1. Field of the Invention
The present invention relates to a semiconductor device and a method for fabricating the same. The present invention relates to, e.g., a fin MOS transistor.
2. Description of the Related Art
Recent microfabrication of semiconductor devices is striking. However, along with the microfabrication, the performance of a planar MOS transistor cannot improve anymore because of the physical limit. To break the limit of the planar MOS transistor, a fin MOS transistor (double-gate MOS transistor) has been proposed. A fin MOS transistor is described in, e.g., Jpn. Pat. Appln. KOKAI Publication No. 8-139325.
FIG. 1 is a sectional view of a fin MOS transistor described in Jpn. Pat. Appln. KOKAI Publication No. 8-139325. As shown in FIG. 1, a fin-shaped semiconductor layer (channel region) 120 is formed on an element region AA surrounded by an insulating film 110 formed in a semiconductor substrate (well region) 100. A source layer 130 and drain layer 140 are formed on the well region 100 to oppose each other via the channel region 120. A gate electrode 150 is formed on the upper surface of the channel region 120.
In the fin MOS transistor having the above structure, the current supply capability can be improved, as compared to a planar MOS transistor.

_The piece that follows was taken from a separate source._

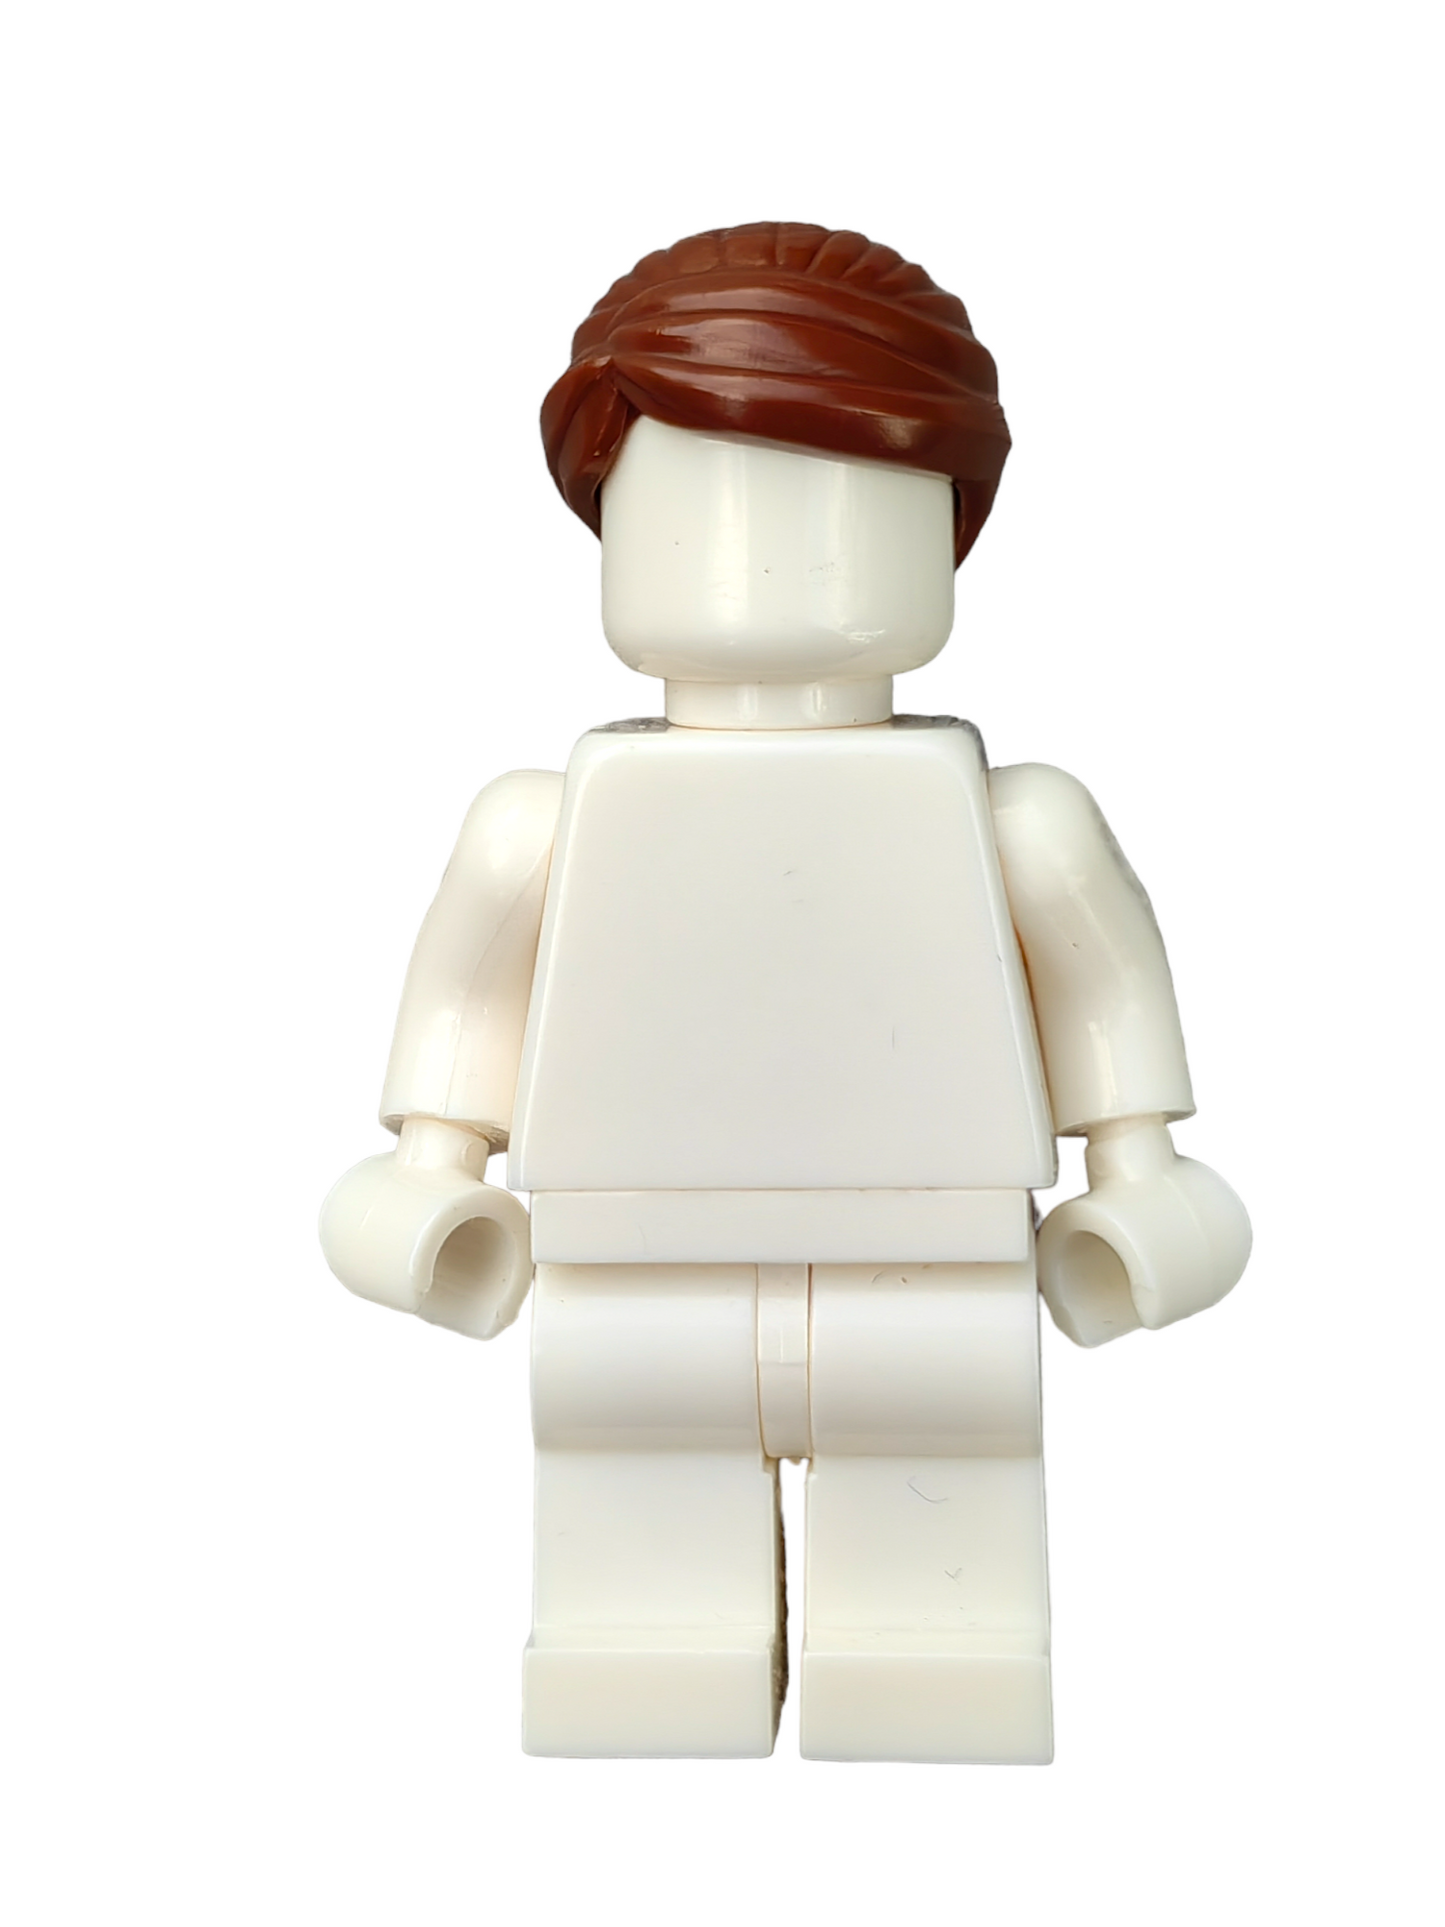 LEGO Wig, Brown Hair Swept Back into a Bun - UB1259

In addition, the gate width can be further decreased. The gate electrode 150 surrounds the channel region 120. Hence, a leakage current that flows through the channel region 120 can easily be controlled, and the reliability of the MOS transistor can be increased.

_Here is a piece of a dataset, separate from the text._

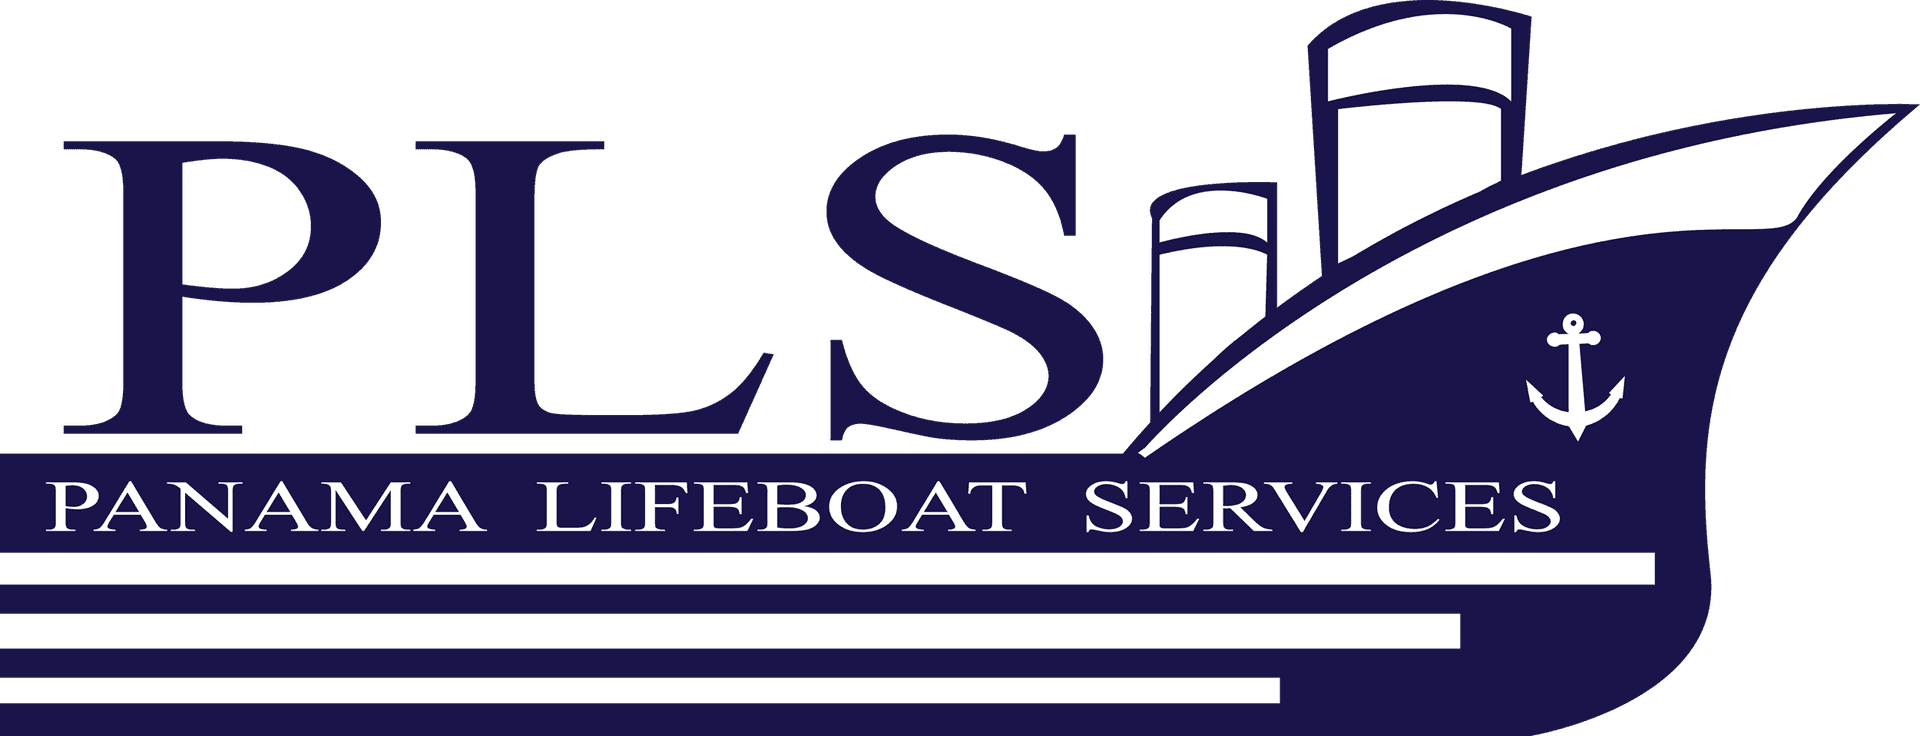 Panama Lifeboat Services Logo PNG

However, even the conventional fin MOS transistor cannot solve all problems related to leakage current control. As described above, a fin MOS transistor can easily control a leakage current that flows through the channel region 120. However, it is difficult to control a leakage current that flows through the well region 100, as shown in FIG. 1. This is because a current that flows through the well region 100 is poorly controlled by the gate electrode 150. To solve this problem, for example, the impurity concentration in the well region 100 under the channel region 120 is increased. However, this measure causes a degradation in performance by, e.g., increasing the capacitance between the well region 100 and the source layer 130 and drain layer 140. As described above, the conventional fin MOS transistor has the same problem as that of a planar MOS transistor.